LONDON (Reuters) - The illness which struck around 400 diners at top British restaurant The Fat Duck was possibly caused by the highly contagious "norovirus" but definitely not by food poisoning, its owner has said.
Heston Blumenthal, widely regarded as one of the world's greatest chefs, said exhaustive tests on staff and customers had suggested the infection was the only likely cause of the outbreak of illness.
The award-winning restaurant in Bray, Berkshire, which has three Michelin stars, was forced to close on February 24 after diners were struck by diarrhea and vomiting.
It reopened two weeks later after being given the all clear by health and environmental inspectors. Blumenthal said 200 tests had been carried out and all had come back negative for food poisoning or hygiene problems.
"It is categorically not food poisoning, we know that," the chef told Hospitality magazine during a trip to Australia.
"The only thing that has come up is that three staff and five customers have been tested positive for something called norovirus."
The highly infectious virus, which is common in Britain over the winter months, brings on symptoms of nausea, vomiting, diarrhea, fever and muscle pain.
The Health Protection Agency said last week investigations into the cause were continuing.

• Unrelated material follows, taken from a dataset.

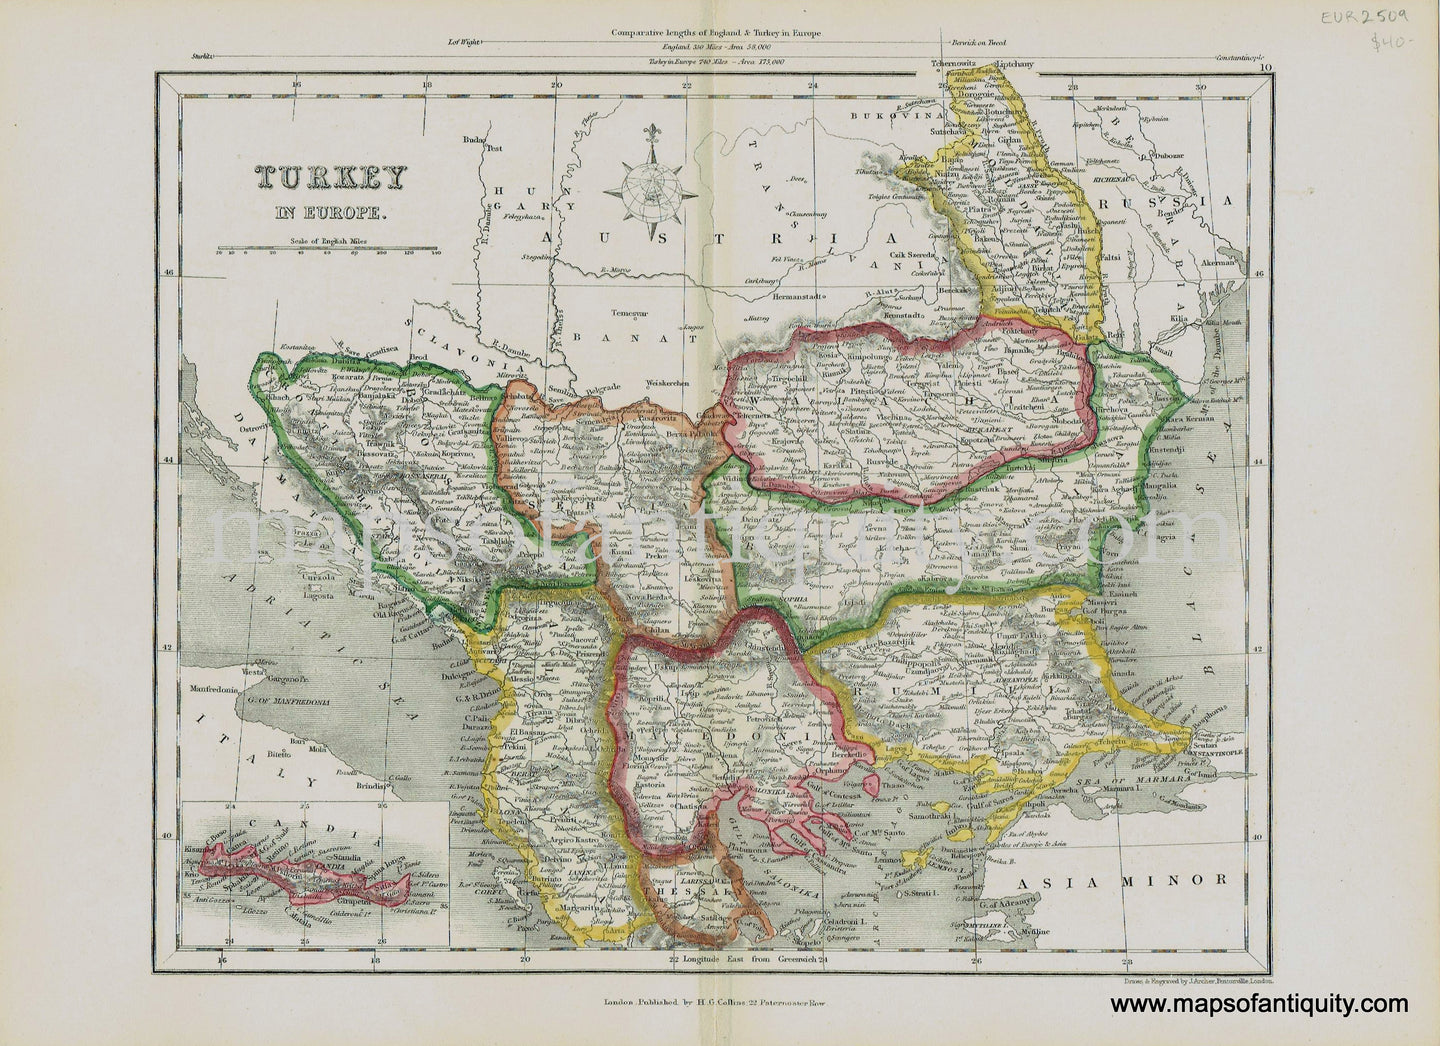 Antique-Hand-Colored-Map-Turkey-in-Europe-c.-1860-Archer-Collins-Turkey-1800s-19th-century-Maps-of-Antiquity
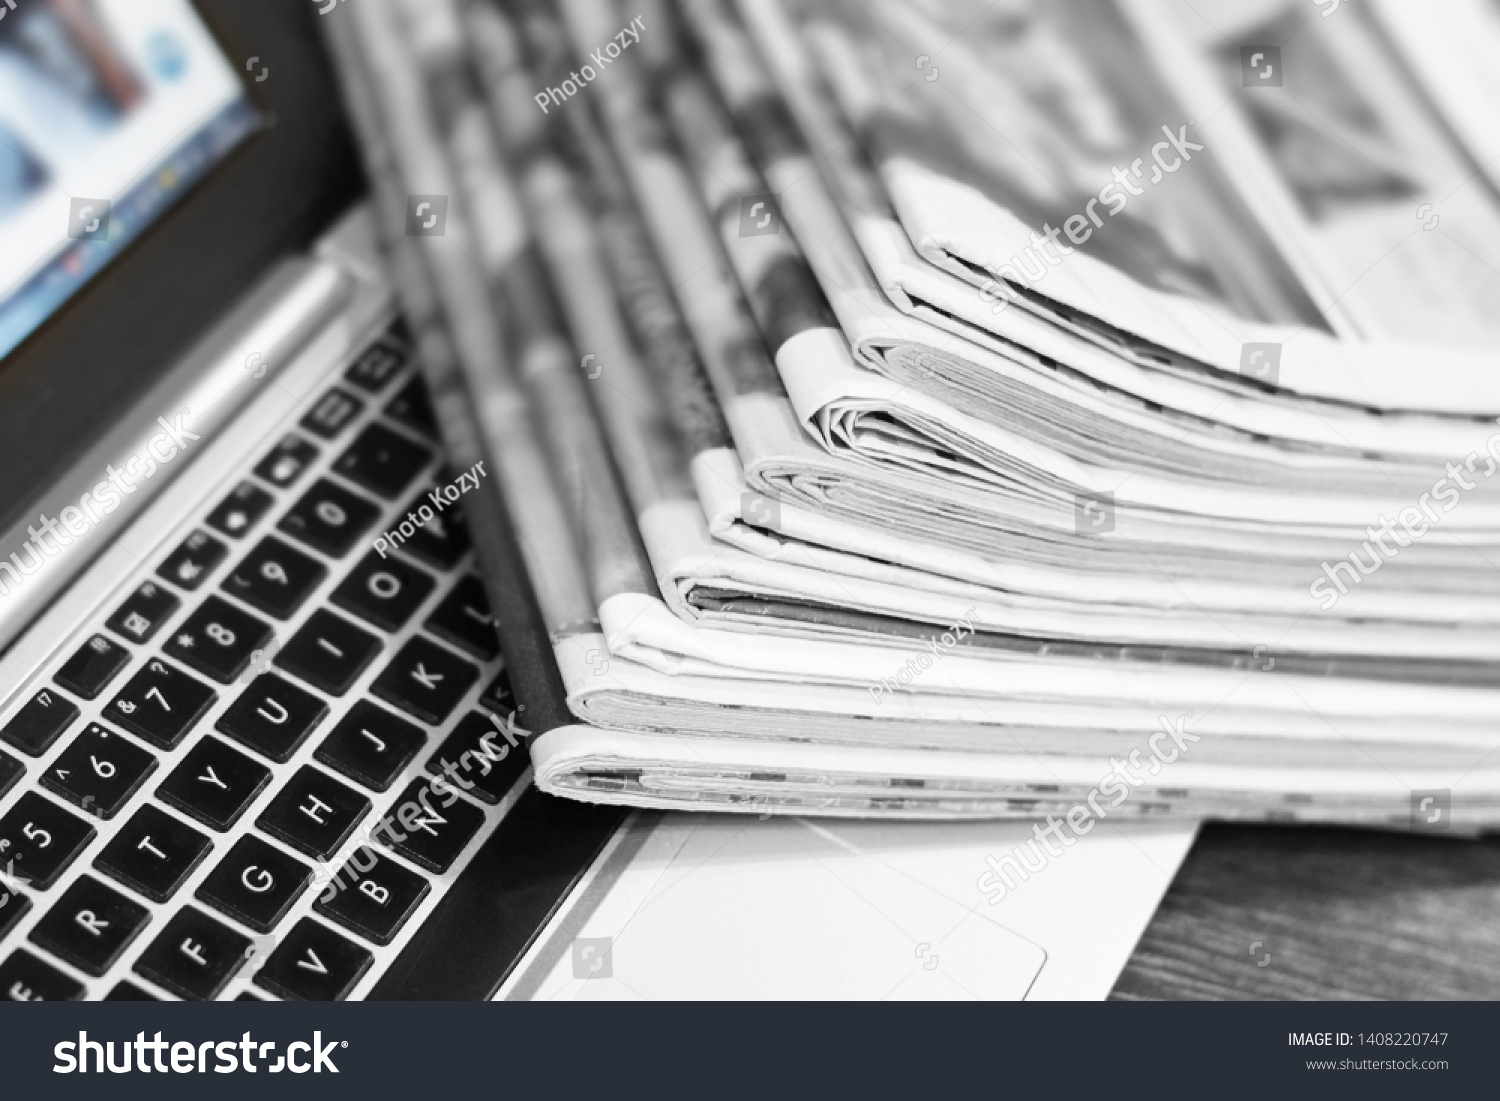 Newspapers and laptop. Pile of daily papers with news on the computer. Pages with headlines, articles folded and stacked on keypad of electronic device. Modern gadget and old journals, focus on paper  #1408220747

"Results of some tests are still awaited and the detailed questioning of people who reported illness is likely to continue for some weeks in order to build a more complete picture," it said in a statement.
The Fat Duck, which charges 130 pounds ($189.4) for its 17-course tasting menu, is famed for its chemistry-inspired dishes such as snail porridge and bacon-and-eggs ice cream. Blumenthal has been described as a "culinary alchemist."
The illness had meant that bookings for 800 people at the 40-seat restaurant, which first opened its doors in 1995, had been canceled, but news of the problem had not deterred customers from wanting to come in, Blumenthal said.